Records from a data collection:
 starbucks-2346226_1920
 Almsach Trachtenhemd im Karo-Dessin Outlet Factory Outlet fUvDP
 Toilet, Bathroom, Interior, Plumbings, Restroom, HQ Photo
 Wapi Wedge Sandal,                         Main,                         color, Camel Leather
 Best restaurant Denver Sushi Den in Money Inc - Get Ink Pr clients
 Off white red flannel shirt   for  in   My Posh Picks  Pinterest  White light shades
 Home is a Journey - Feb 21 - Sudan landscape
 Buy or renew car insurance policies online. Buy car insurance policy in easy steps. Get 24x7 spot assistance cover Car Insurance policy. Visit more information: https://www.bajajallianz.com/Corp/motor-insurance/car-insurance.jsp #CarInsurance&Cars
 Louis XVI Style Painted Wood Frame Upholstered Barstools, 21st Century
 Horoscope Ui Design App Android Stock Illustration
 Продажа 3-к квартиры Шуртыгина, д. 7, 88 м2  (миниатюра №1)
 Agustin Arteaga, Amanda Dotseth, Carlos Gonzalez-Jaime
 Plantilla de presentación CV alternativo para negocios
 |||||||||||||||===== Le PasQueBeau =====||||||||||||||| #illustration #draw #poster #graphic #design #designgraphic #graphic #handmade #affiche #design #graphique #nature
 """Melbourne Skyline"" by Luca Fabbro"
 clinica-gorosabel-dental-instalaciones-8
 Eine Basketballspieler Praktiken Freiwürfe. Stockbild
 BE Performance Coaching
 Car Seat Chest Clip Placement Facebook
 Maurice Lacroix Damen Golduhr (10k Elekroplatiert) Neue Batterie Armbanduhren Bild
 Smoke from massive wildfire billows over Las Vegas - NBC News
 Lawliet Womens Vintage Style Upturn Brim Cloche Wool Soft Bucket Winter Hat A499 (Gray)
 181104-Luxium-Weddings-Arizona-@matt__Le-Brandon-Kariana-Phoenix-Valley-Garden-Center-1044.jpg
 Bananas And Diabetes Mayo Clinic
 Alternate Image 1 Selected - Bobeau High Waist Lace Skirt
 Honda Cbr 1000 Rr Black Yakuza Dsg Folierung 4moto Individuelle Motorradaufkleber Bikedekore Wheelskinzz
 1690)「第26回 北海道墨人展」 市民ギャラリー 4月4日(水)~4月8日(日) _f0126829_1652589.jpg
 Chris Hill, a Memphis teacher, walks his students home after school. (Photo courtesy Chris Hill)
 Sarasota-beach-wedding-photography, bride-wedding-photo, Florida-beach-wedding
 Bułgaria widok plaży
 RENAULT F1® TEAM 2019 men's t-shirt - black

- **WHAT IS NEEDED**: A single figure is required: the number of lines in the entries that hold the string "Style".

- **OUTPUT OF THE EXERCISE**: 2